Background & Motivation

Background: Simultaneously recovering both the 4D geometry of dynamic scenes and dense point motion from monocular video serves as a foundational component for video understanding, robotics, and world models. Traditional methods rely on pixel correspondences combined with per-scene iterative mesh optimization to fit RGB(D) observations. In the deep learning era, this task has been divided into two separate lines of work: "dynamic geometry reconstruction" and "correspondence estimation." Recently, feed-forward methods like St4RTrack, Dynamic Point Maps, and Stereo4D have extended static reconstruction networks (e.g., DUSt3R/MASt3R) to dynamic scenes, emerging as promising alternatives.

Limitations of Prior Work: Most of these feed-forward methods adopt a DUSt3R-style "pairwise frames" design—processing only two frames at a time, predicting the point map of the target frame relative to the reference frame, and then using post-optimization to align and stitch pairwise results into a sequence. This approach has two fundamental flaws: first, it can only capture short-range correspondences, losing long-range temporal consistency in extended videos; second, motion is only modeled between the "first frame \(\leftrightarrow\) other frames," making it highly non-robust to occlusions caused by viewpoint changes or newly appearing dynamic objects in subsequent frames. Furthermore, geometry reconstruction and motion estimation are inherently homologous (both relying on pixel correspondences in multi-view geometry), yet they are split into two independent sub-tasks, wasting their correlation.

Key Challenge: On one hand, the task itself is severely ill-posed and lacks large-scale in-the-wild datasets with dense geometry and motion annotations. On the other hand, to alleviate data scarcity by leveraging the strong priors of pretrained diffusion models, the research community generally believes that "3D attributes must be strictly normalized to \([-1,1]\) to align with the distribution of the original RGB VAE" to inherit the prior. However, 3D coordinates in the world coordinate system are unbounded \((-\infty,+\infty)\), and their distribution is inherently different from that of \([0,255]\) natural images; forcing alignment actually degrades reconstruction performance.
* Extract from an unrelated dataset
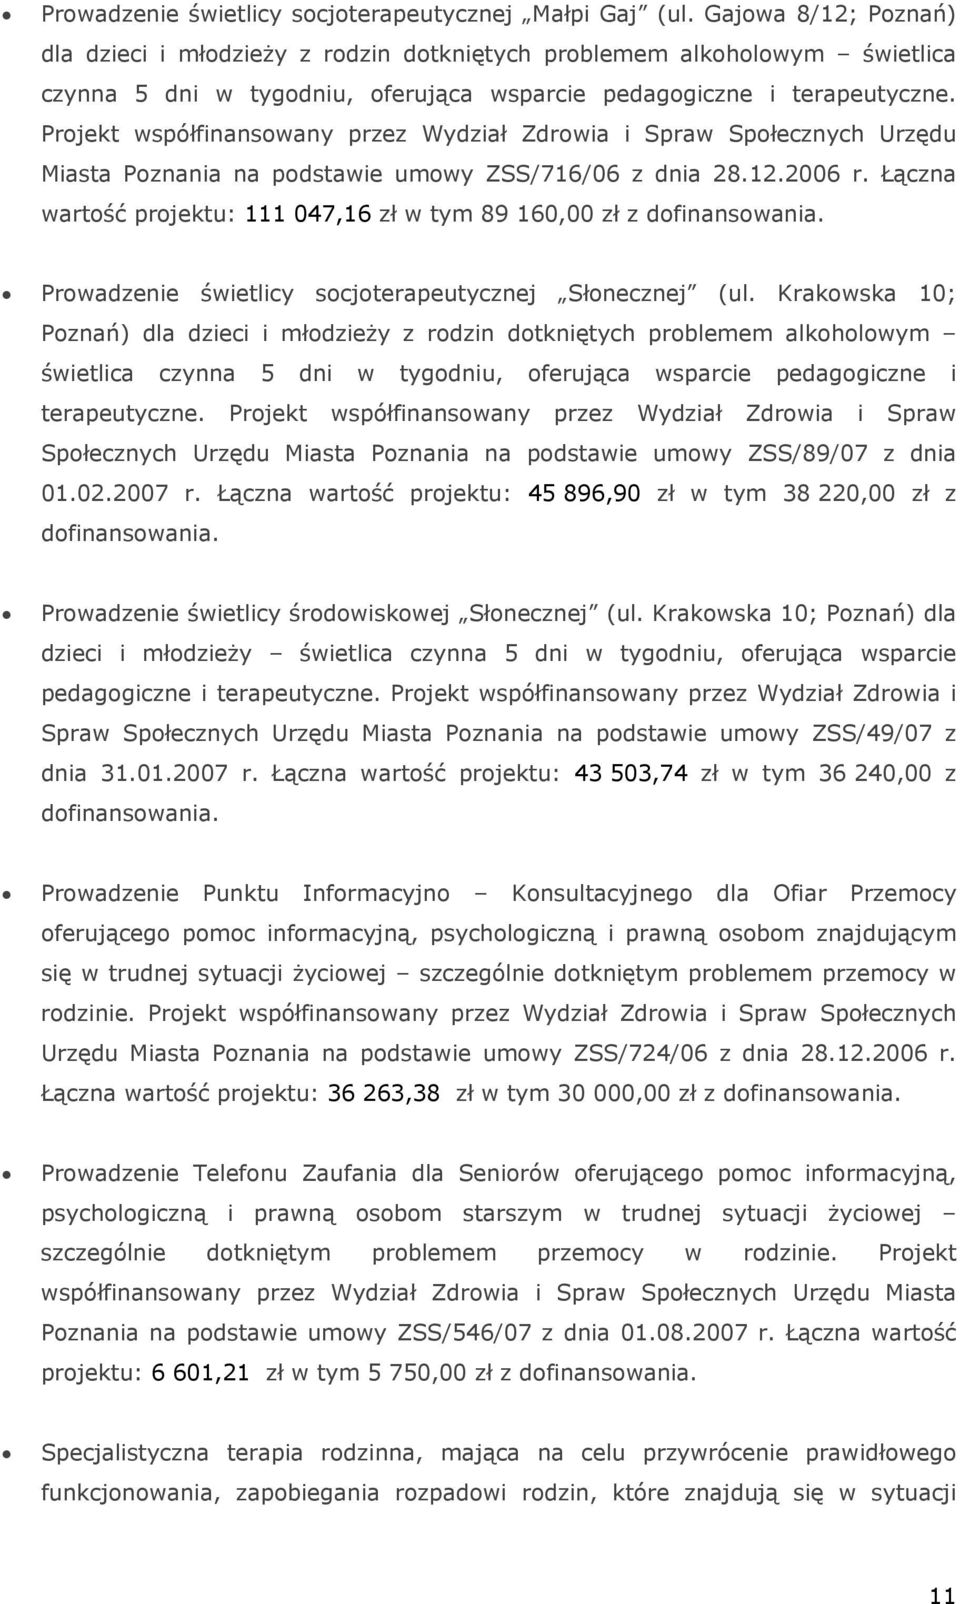 Projekt współfinansowany przez Wydział Zdrowia i Spraw Społecznych Urzędu Miasta Poznania na podstawie umowy ZSS/716/06 z dnia 28.12.2006 r.

Goal: (1) Unify dense geometry and dense motion under a single representation for joint modeling; (2) Design a VAE capable of efficiently encoding this 4D representation to transfer video diffusion priors; (3) Clarify whether it is indeed necessary to strictly align the data/latent space when fine-tuning diffusion models.

Key Insight: The authors advocate that to truly understand dynamic 3D scenes, one must jointly model dense geometry and motion over the entire video within a single shared world coordinate system. Defining scene flow in the world coordinate system naturally eliminates the camera self-motion component—ideally, the scene flow of static background points is zero, making the motion patterns of dynamic objects much easier to learn.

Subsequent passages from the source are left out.